The evidence on previous attacks in the military camps in Pathankot and Uri, and the failure of India and Pakistan in diplomatically negotiating such attacks show that the act is overwhelming, leaving no choice of means and no moment of deliberation but to pre-emptively take out the terror launch pads. The attack in Baramulla immediately after the surgical strikes further support the fact that India's operation was indeed pre-emptive and not preventive. As the strike was surgical with low collateral damage, it is proved that the force used is proportional to the attack preempted.
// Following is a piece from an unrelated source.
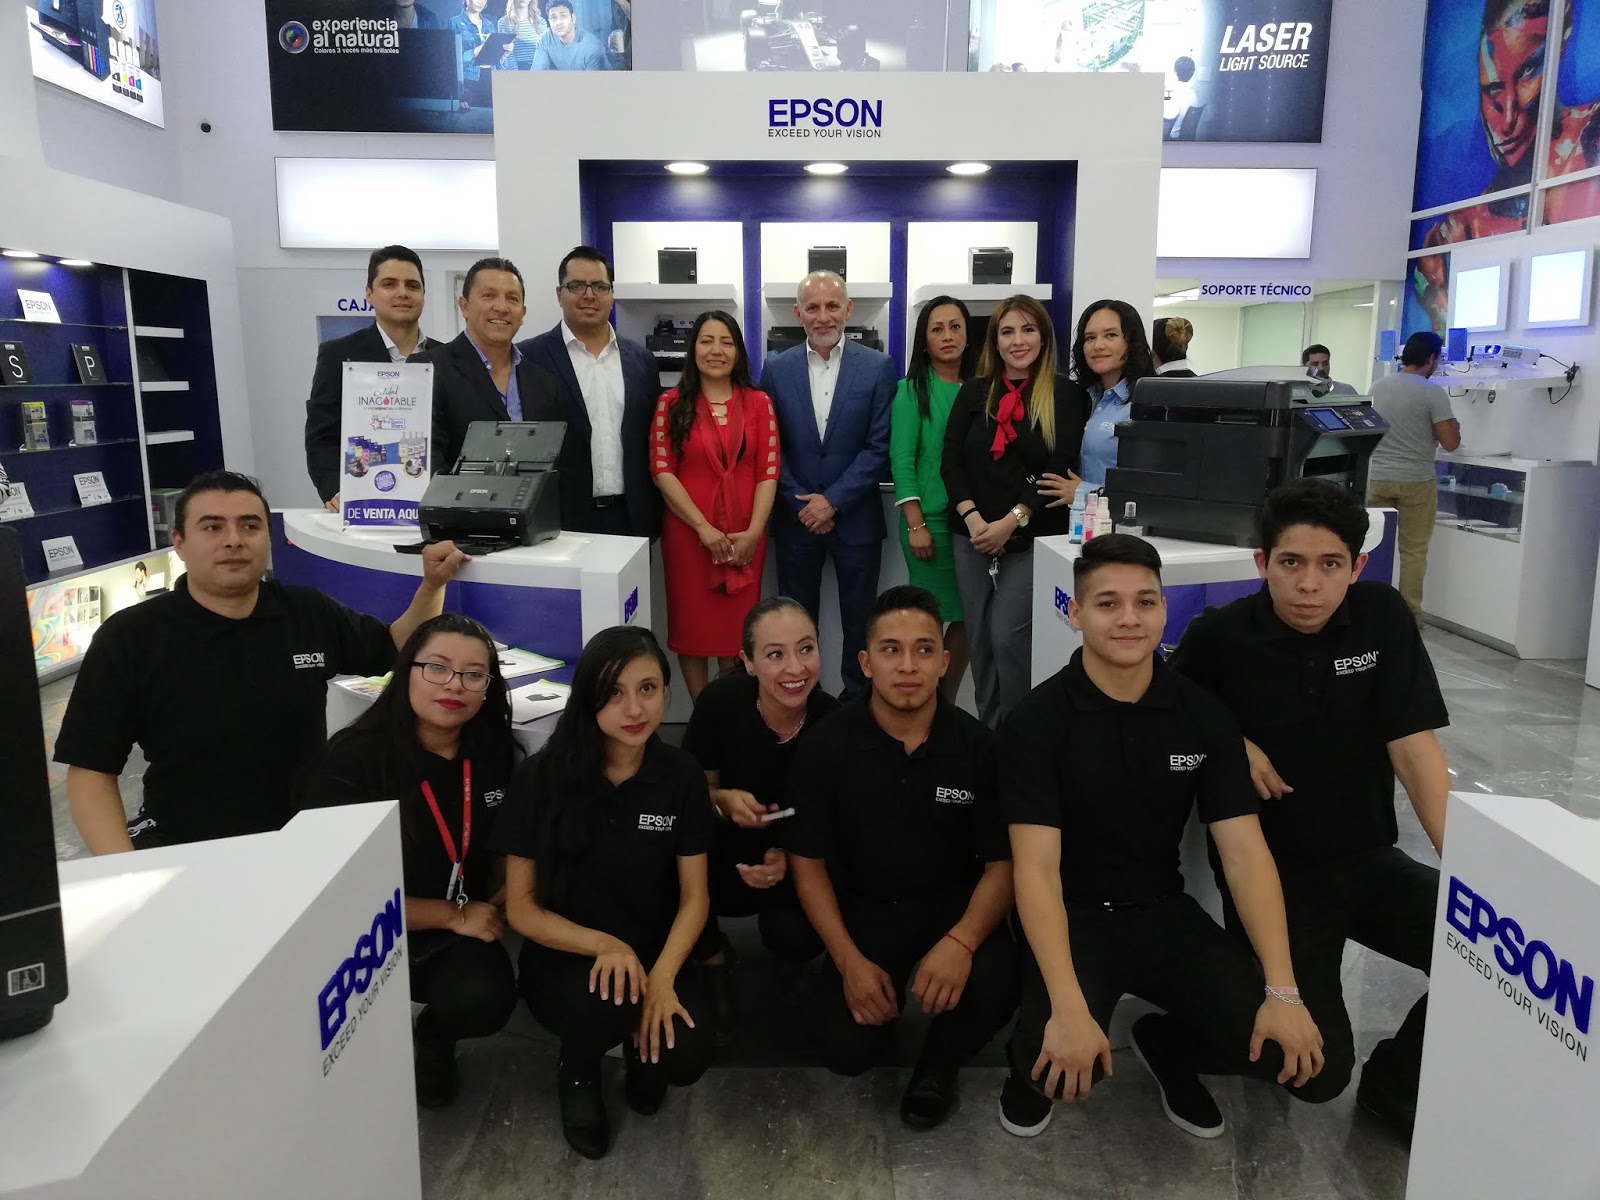 Finalmente Mutuo barril Se inaugura Epson Store, primera tienda de productos de la marca en México

The importance of specific and credible information: This would be the most difficult part for India—to prove that the information on which they acted was credible. So far, the evidence given by the Indian side on the terrorist attacks were refuted by Pakistan. History has examples like the pre-emptive attack on Saddam’s Iraq by US and its allies on the basis of information on stockpiles of weapons of mass destruction, which later turned out to be false. This could favour Pakistan in arguing that there are no terror launch pads in PoK as claimed by India, and in alleging that India’s act was nothing but another violation of the LoC. The remedy for India on this point remains with its diplomatic agility to convince the world that its action was based on the specific and credible information.

Dr Sanoj Rajan is an academician specialising in International Law and Human Rights. He is a professor and dean at the School of Law, Ansal University, Gurgaon and an affiliate expert with Harvard Humanitarian Initiative at Harvard University, Massachusetts, USA.